К счастью для меня, выдался редкий день, когда его слова нашли благодарного слушателя: комиссия повелась на его анализ моей жизни и поведения. Правда, когда он дошел до предложения о переводе меня в его Институт, они заартачились: мол такой знаменитый сорванец, как Стиви-Свисток, должен отправиться туда, где его будут держать на коротком поводке. Они спросили у доктора Крайцлера, нет ли у него каких-нибудь других предложений; минутки две он подумал, даже не взглянув на меня ни разу, а затем объявил, что желает взять меня в услужение, в дом и, стало быть, нести всю ответственность за мое дальнейшее поведение. Комиссия от такого предложения малость ошалела, кое-кто даже воспринял слова доктора как шутку. Он сказал им, что вовсе не шутит, и после некоторого обсуждения вопрос был решен.
Впервые мне стало чутка не по себе; не то чтобы у меня возникли поводы не доверять доктору — просто те два дня, которые мы с ним проболтали, заставили меня здорово задуматься, в частности над тем, смогу ли я что-либо изменить в своей жизни? Сомнения грызли меня все время, пока я собирал по камере скудные свои пожитки и шел потом через старый мрачный двор «Приюта для мальчиков», чтобы сесть к доктору в его экипаж (в тот день он разъезжал в бордовом ландо). Мое смятение никак не ослабло при виде огромных размеров черного мужика, восседавшего на месте кучера; но у него было доброе лицо, и, соступив с подножки, доктор улыбнулся мне и показал на гиганта.
— Стиви, — сказал он мне. — Это Сайрус Монтроуз. Возможно, тебе будет любопытно узнать, что он тоже в свое время находился на полпути в исправительное учреждение, навстречу судьбе гораздо суровее твоей, когда наши пути пересеклись и он стал работать у меня. (Позже я узнал, что в молодости Сайрус убил продажного фараона-ирландца, который чуть ли не до смерти избивал одну цветную шлюху в борделе, где Сайрус работал тапером. Родителей его растерзала толпа ирландцев во время призывных бунтов 63-го года, и на суде доктор убедительно доказал, что это являлось «контекстом» его жизни, и Сайрус просто не мог поступить иначе в той ситуации в борделе — психика не позволяла.)
Я кивнул гиганту, который в знак приветствия коснулся своего котелка и ответил мне теплым взглядом.
— Стал-быть, — сказал я неуверенно, — я… буду работать на вас, так вы решили?
— О да, будешь, — ответил доктор. — Но еще ты будешь учиться. Будешь читать, выучишься математике, постигнешь историю. Помимо всего прочего.

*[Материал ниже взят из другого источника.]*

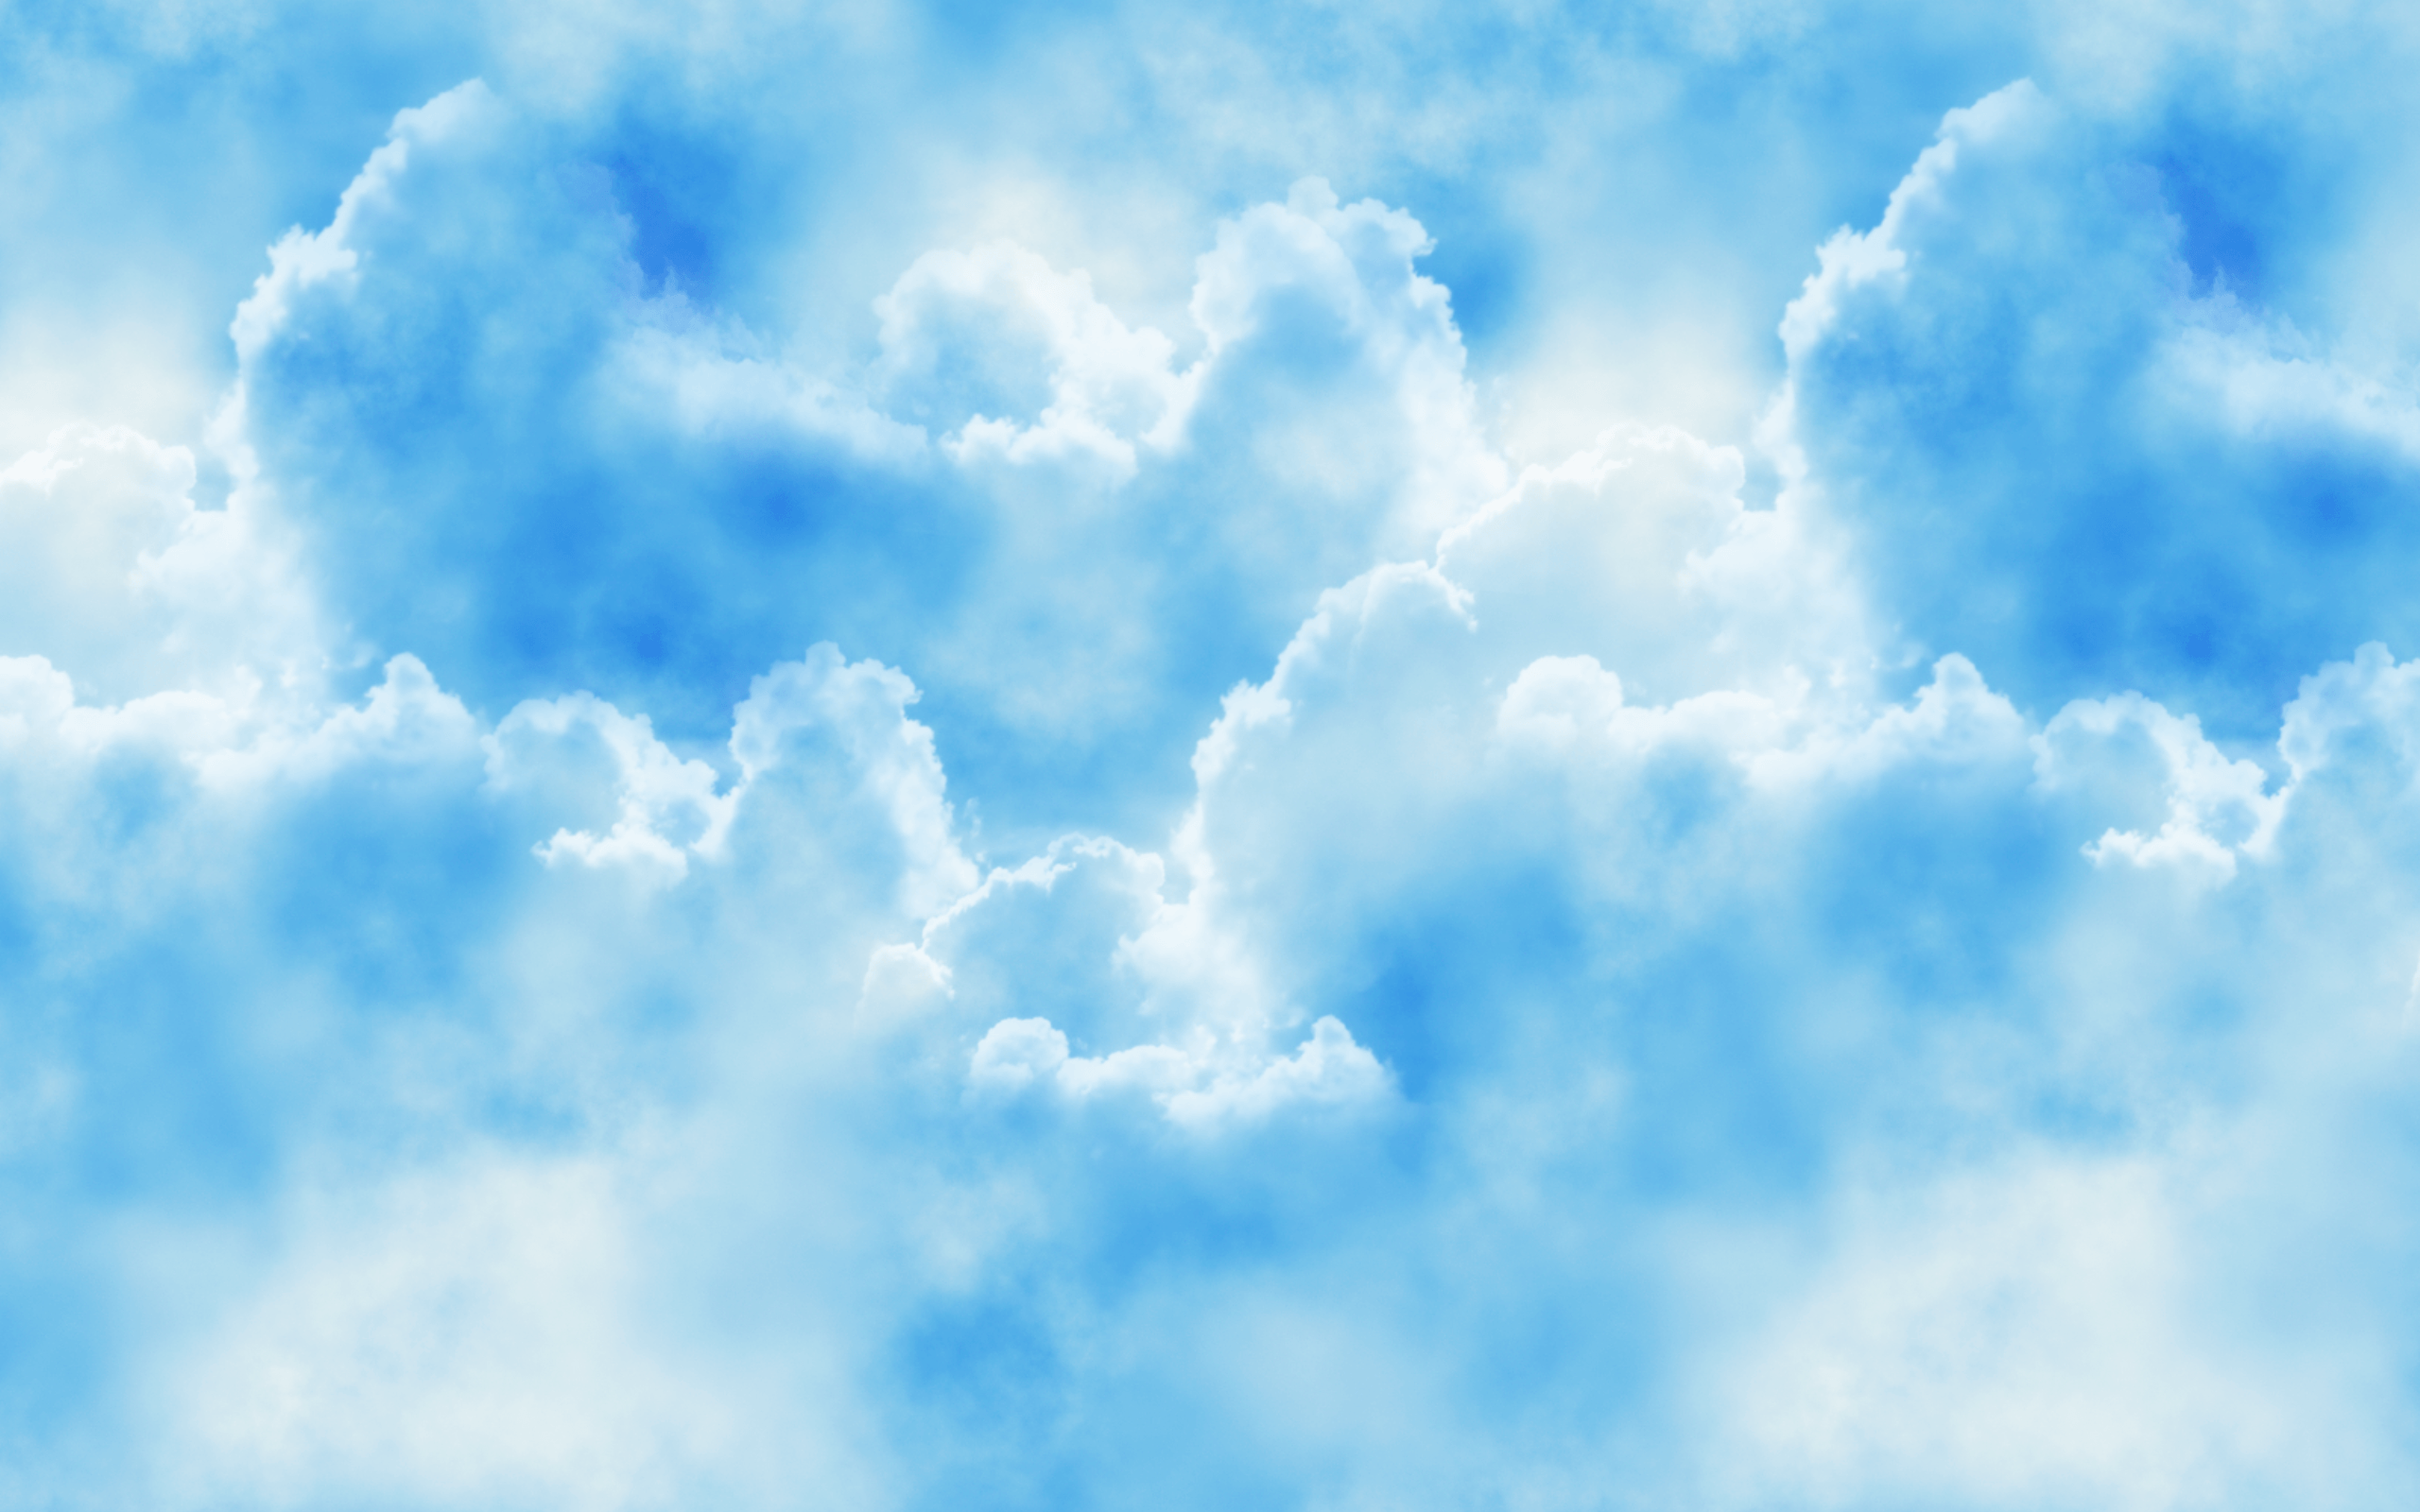 White Clouds in Blue Sky Full HD Wallpaper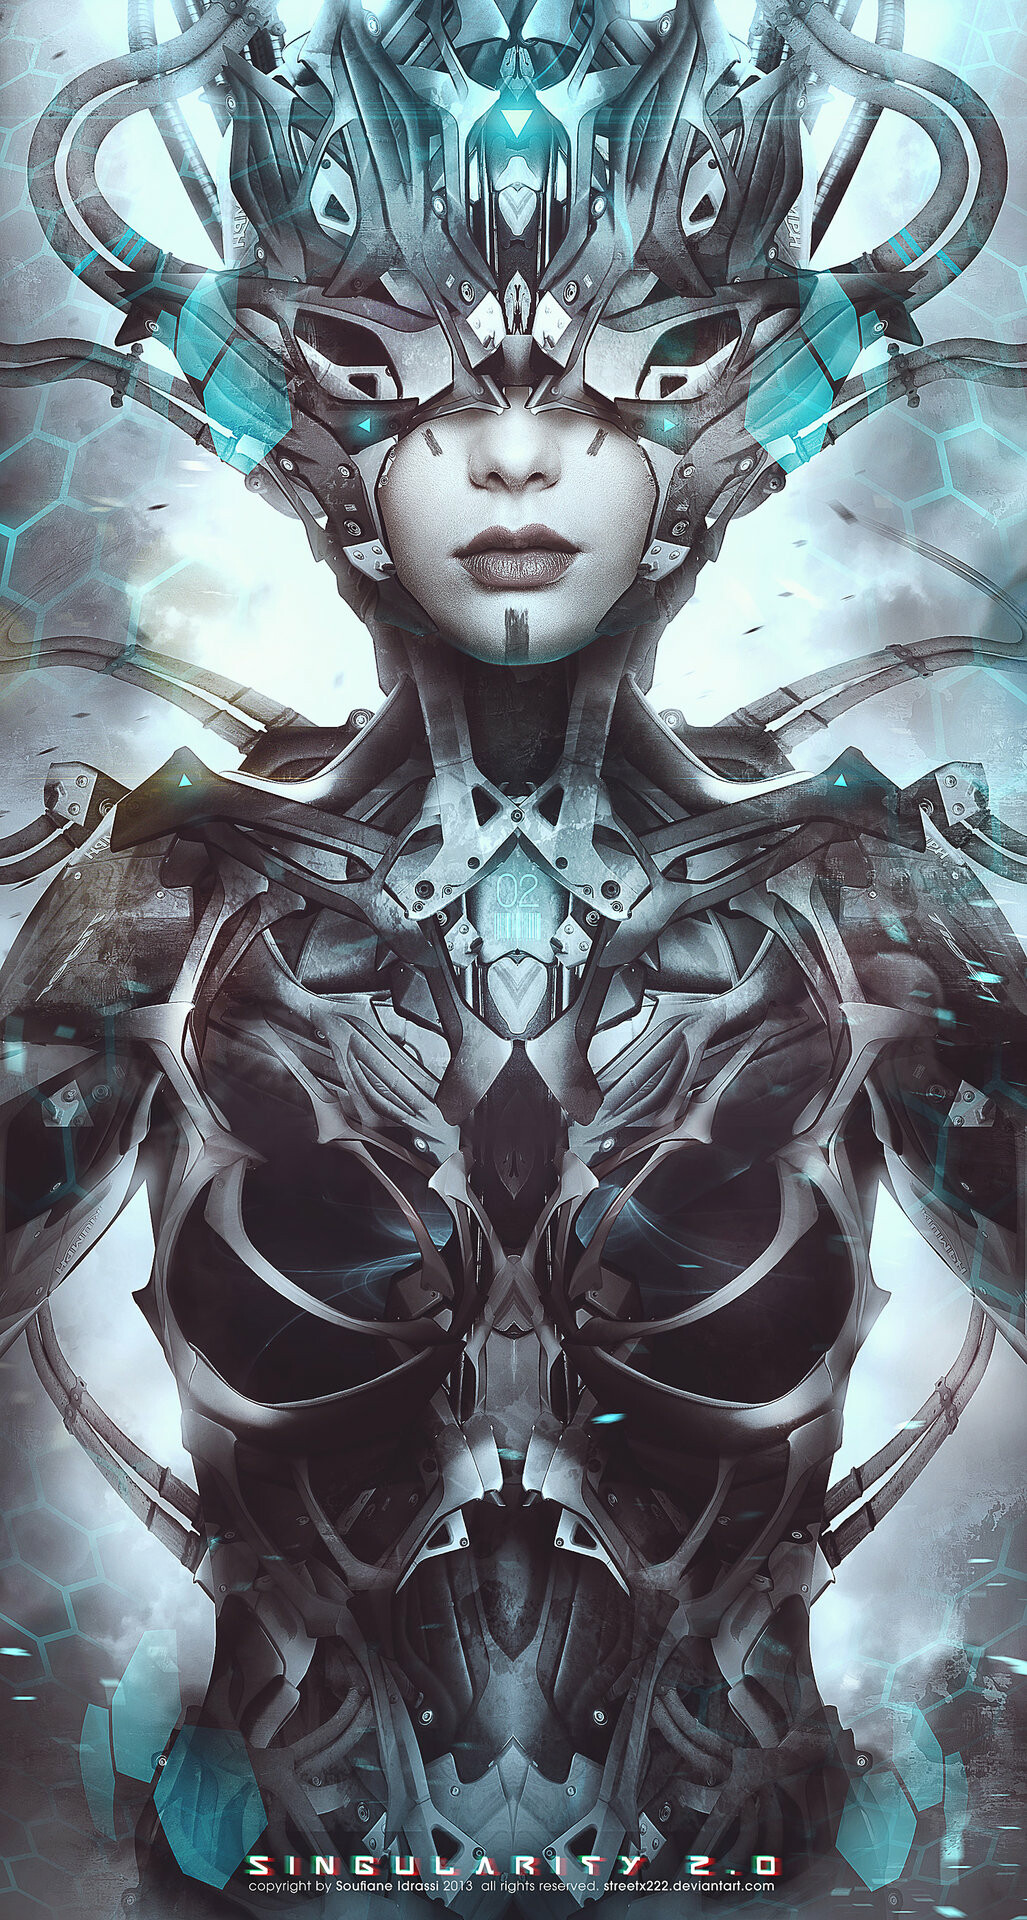 Soufiane Idrassi Drawing Cyborg Hose Circuits Science Fiction Cyberpunk Women Grid Glowing Frontal V 1027x1920

— Да ну? — отозвался я, сглатывая; в конце концов, я в жизни и дня за партой не провел.
— А как же, — ответил доктор, доставая серебряный портсигар, извлекая сигарету и прикуривая. Он заметил, как жадно я слежу за его движениями. — О, а вот с этим, боюсь, придется покончить. Никакого курения, молодой человек. И вот это, — добавил он, делая шаг навстречу и внимательно изучая мое барахло, — больше тебе не понадобится. — Он вытащил мой обрезок трубы из прочих тряпок и отбросил подальше, в чахлую траву.
Выходило, что мне не оставалось ничего, кроме учебы, и этот факт никак не мог смягчить моего раздражения.
— Ладно… так что там насчет работы? — выдавил я в итоге. — Что я буду делать?
— Ты упоминал, — сказал доктор, забираясь обратно в ландо, — что в бытность твою у Сумасшедшего Мясника, когда вам приходилось угонять фургоны, ты обычно ими правил. На то, полагаю, была какая-то особая причина?
Я пожал плечами:
— Лошадей люблю. Да и с экипажами управляюсь вполне себе.
— Ну, тогда поздоровайся с Фредериком и Гвендолин, — ответил доктор, указывая зажженной сигаретой на мерина и кобылу, впряженных в ландо. — И бери вожжи.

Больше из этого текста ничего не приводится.